Two amphiphilic perylenetetracarboxylic diimide derivatives modified with different side chains at imide nitrogen, N-n-hexyl-N'-(2-hydroxyethyl)-1,7-di(4'-t-butyl)phenoxy-perylene-3,4:9,10-tetracarboxylic diimide (PDI 1) and N,N'-di(2-hydroxyethyl)-1,7-di(4'-t-butyl)phenoxy-perylene-3,4:9,10-tetracarboxylic diimide (PDI 2), were fabricated into organic nanostructures via solution-phase self-assembly. Their self-assembling properties in methanol and n-hexane have been comparatively studied by electronic absorption, fluorescence, and Fourier transform infrared spectroscopy (FT-IR).

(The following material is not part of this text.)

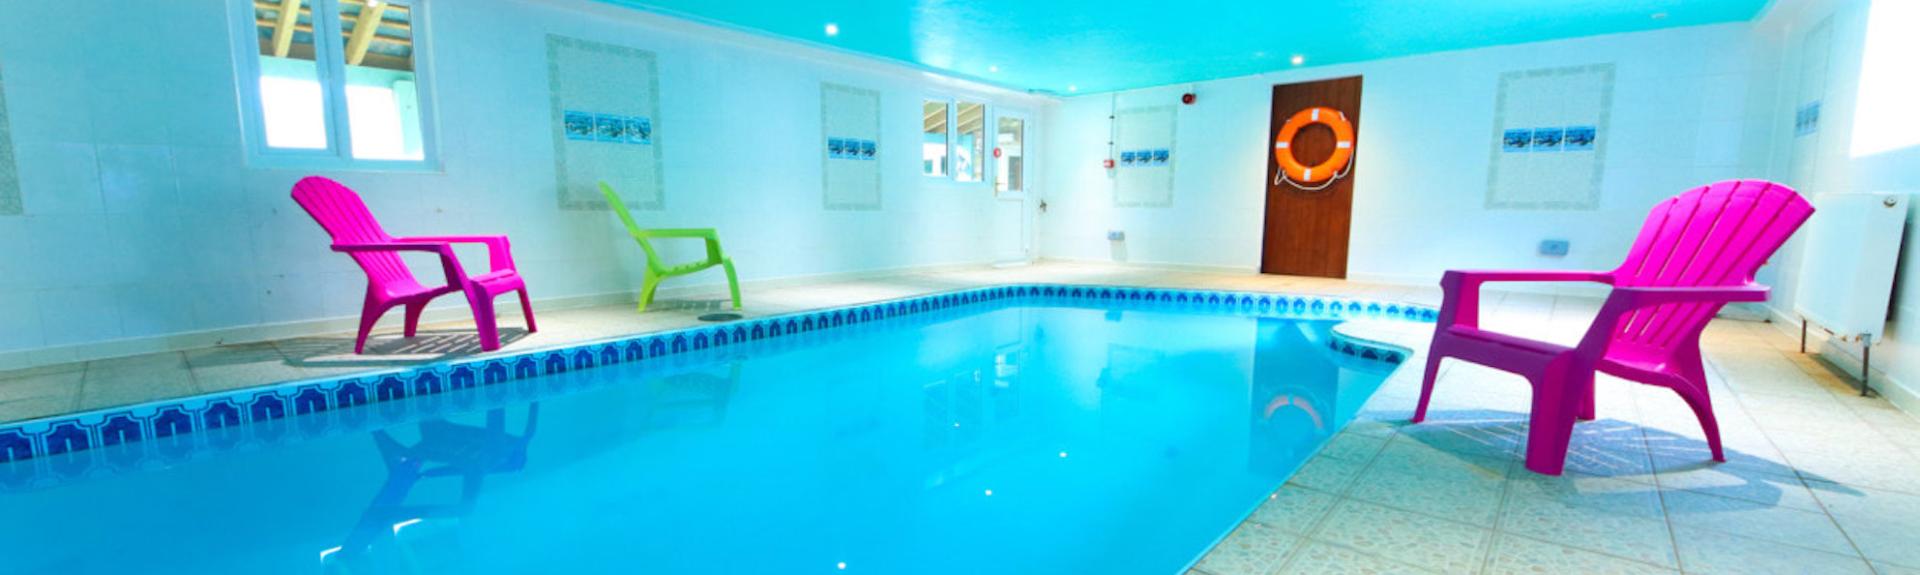 The Indoor Heated Pool at River View Cottage near Honiton, Devon

The morphologies and structures of the self-assemblies were examined by scanning electronic microscopy (SEM), atomic force microscopy (AFM), as well as X-ray diffraction (XRD) techniques. The conducting properties were evaluated by current-voltage (I-V) measurements. Due to the presence of different number of hydroxyethyl groups in the molecule of PDI 1 and PDI 2, the self-assembly of the two molecules in methanol and n-hexane results in nanostructures with distinctly different morphology as follows: nanobelts and nanoleaves for PDI 1 and nanobelt dendrites and nanosheets for PDI 2, respectively. Analysis of the spectral change for the aggregates relative to that of monomeric PDI in solution revealed that in polar and apolar solvents, both nanobelts and nanoleaves precipitated from PDI 1 adopt the H aggregation mode, whereas nanobelt dendrites and nanosheets from PDI 2 adopt H and J aggregation mode, respectively, implying the effect of both side-chain substituent and solvent on tuning the intermolecular stacking. Furthermore, the conductivity of the aggregates of either PDI 1 or PDI 2 from methanol is more than ca. 1 order of magnitude higher than those from n-hexane. In particular, the well-defined, one-dimensional (1D) nanobelts of PDI 1 show excellent semiconducting property with the electrical conductivity as high as 3.3×10(-3) S cm(-1), which might serve as promising candidates for applications in nano-electronics.